*Assignment*
When the listing below reaches the line that has "Bankers Box 0005502", start reproducing exactly; stop after the line that has "Cute coloring book", and drop the pictures.

*Supplied material*
======

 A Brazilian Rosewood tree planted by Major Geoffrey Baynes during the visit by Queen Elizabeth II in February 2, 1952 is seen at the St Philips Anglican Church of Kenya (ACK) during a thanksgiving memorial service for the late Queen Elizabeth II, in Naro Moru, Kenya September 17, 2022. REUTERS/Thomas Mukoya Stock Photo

======

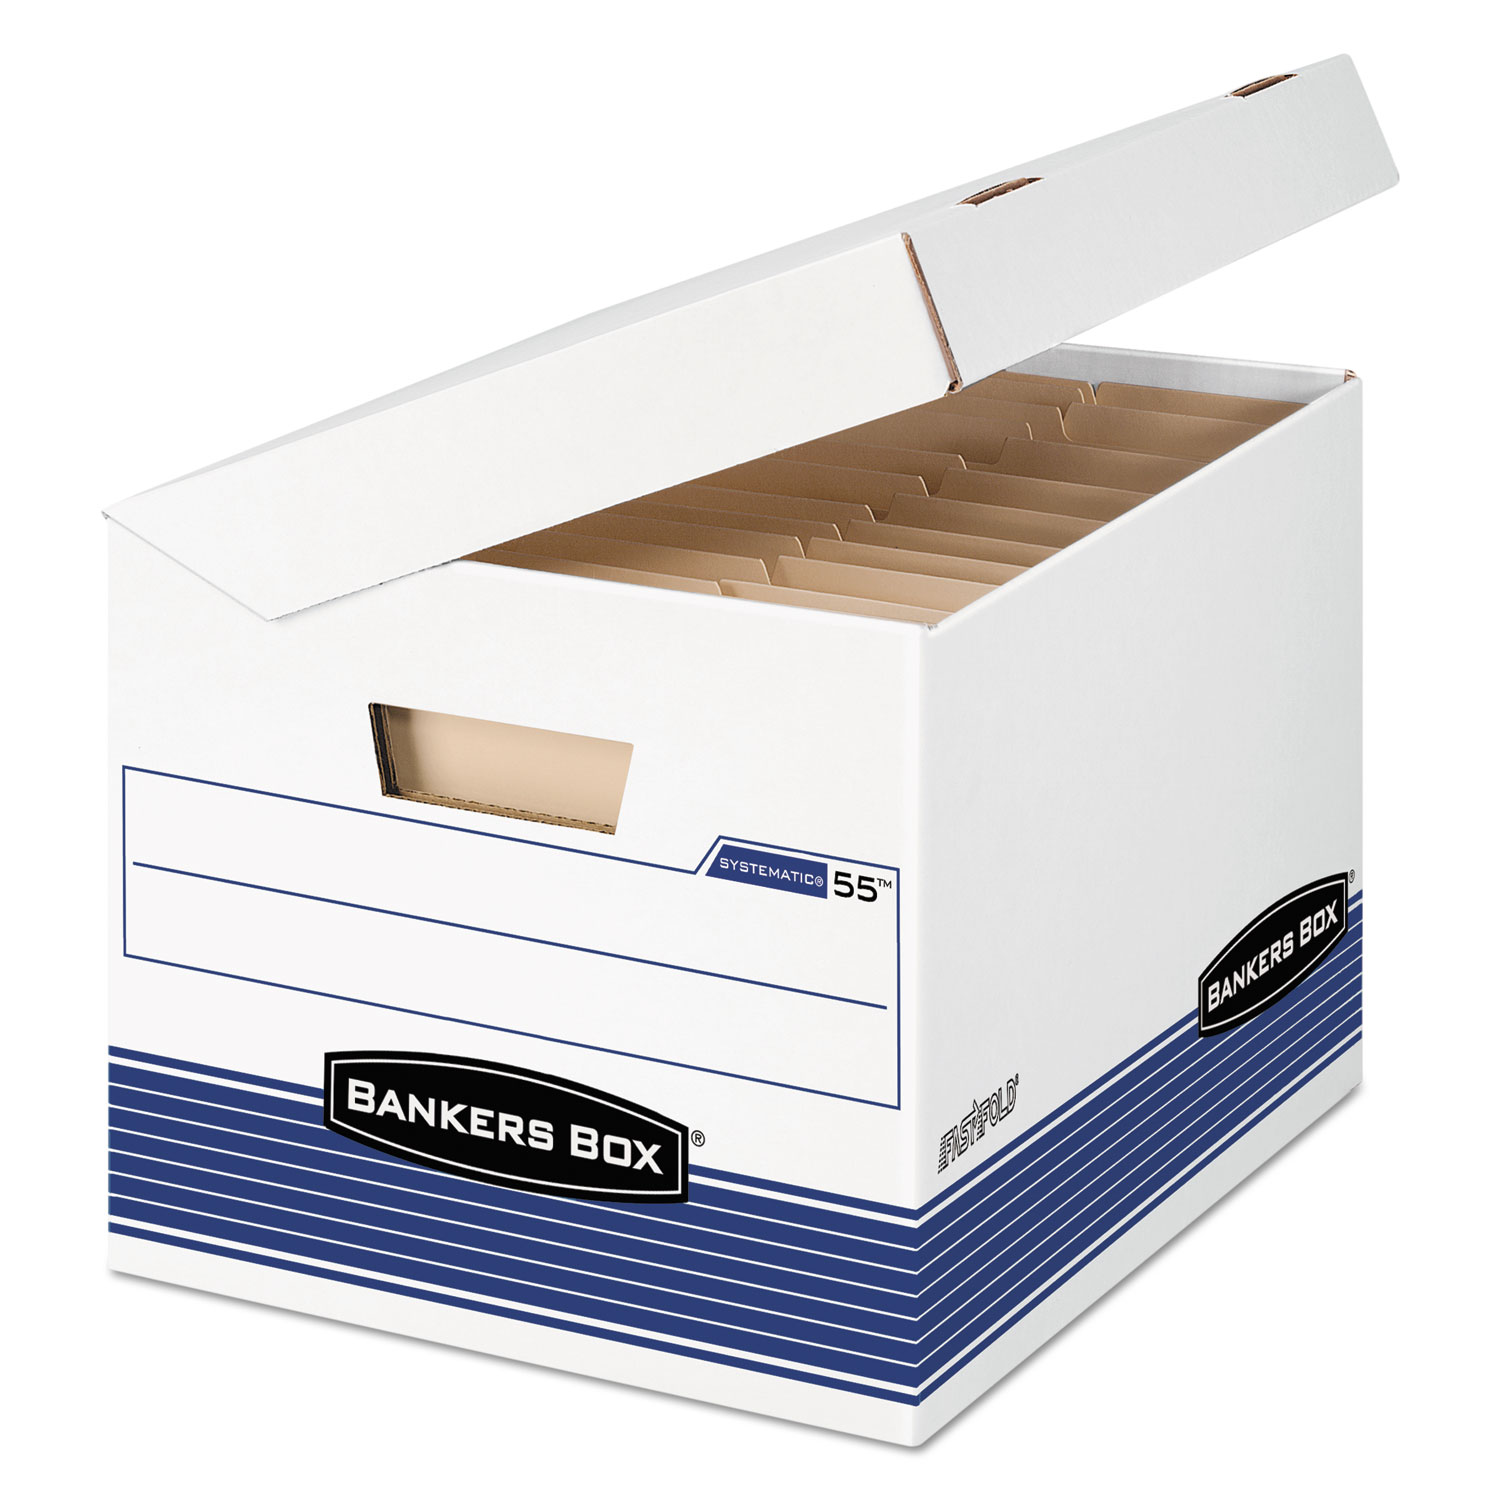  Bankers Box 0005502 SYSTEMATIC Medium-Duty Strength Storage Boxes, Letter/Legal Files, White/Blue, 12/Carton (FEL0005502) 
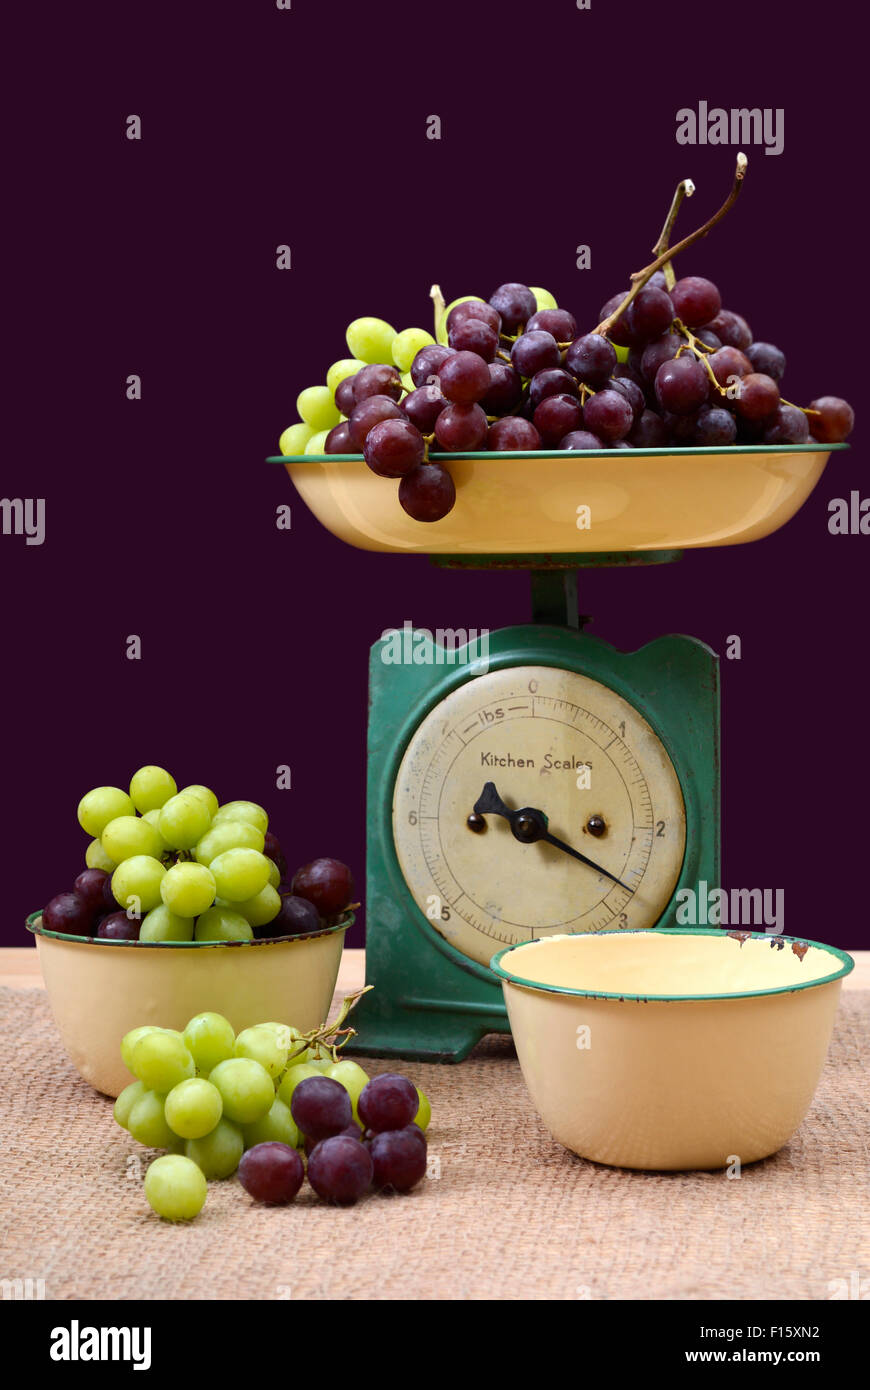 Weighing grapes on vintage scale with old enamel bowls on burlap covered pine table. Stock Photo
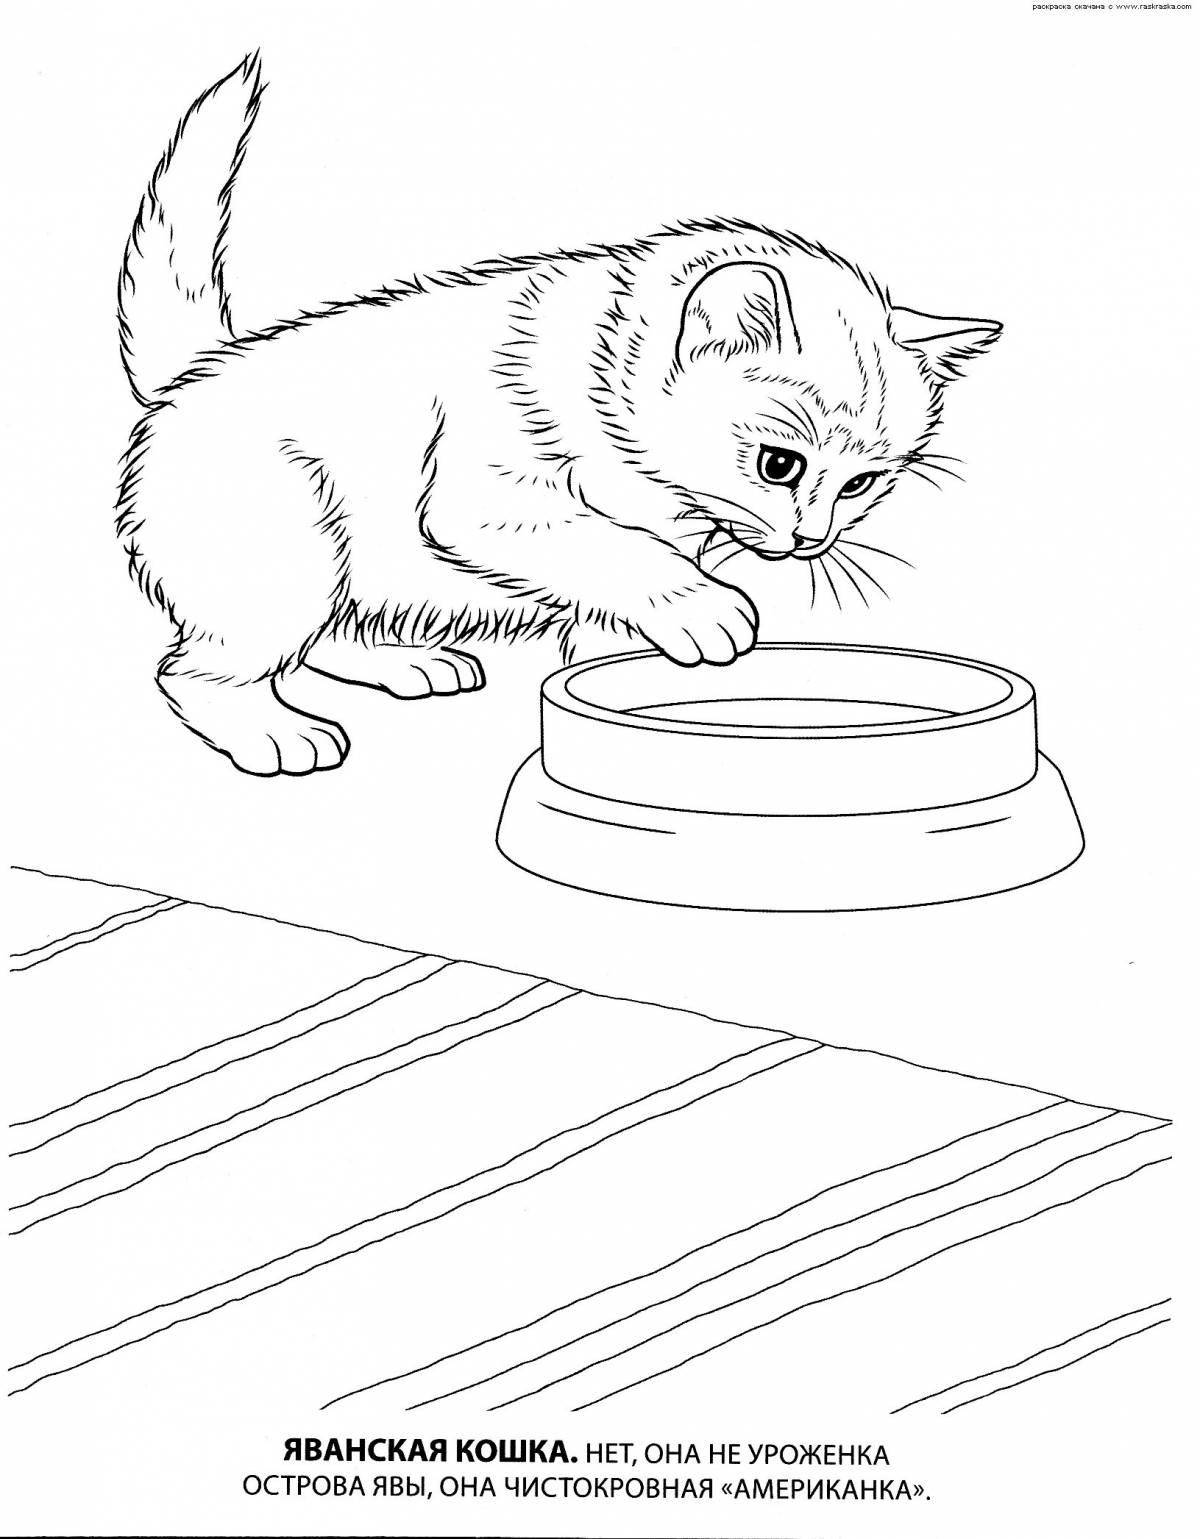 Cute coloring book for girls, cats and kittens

======

*Result of the exercise*
  Bankers Box 0005502 SYSTEMATIC Medium-Duty Strength Storage Boxes, Letter/Legal Files, White/Blue, 12/Carton (FEL0005502) 
 Weighing grapes on vintage scale with old enamel bowls on burlap covered pine table. Stock Photo
 Cute coloring book for girls, cats and kittens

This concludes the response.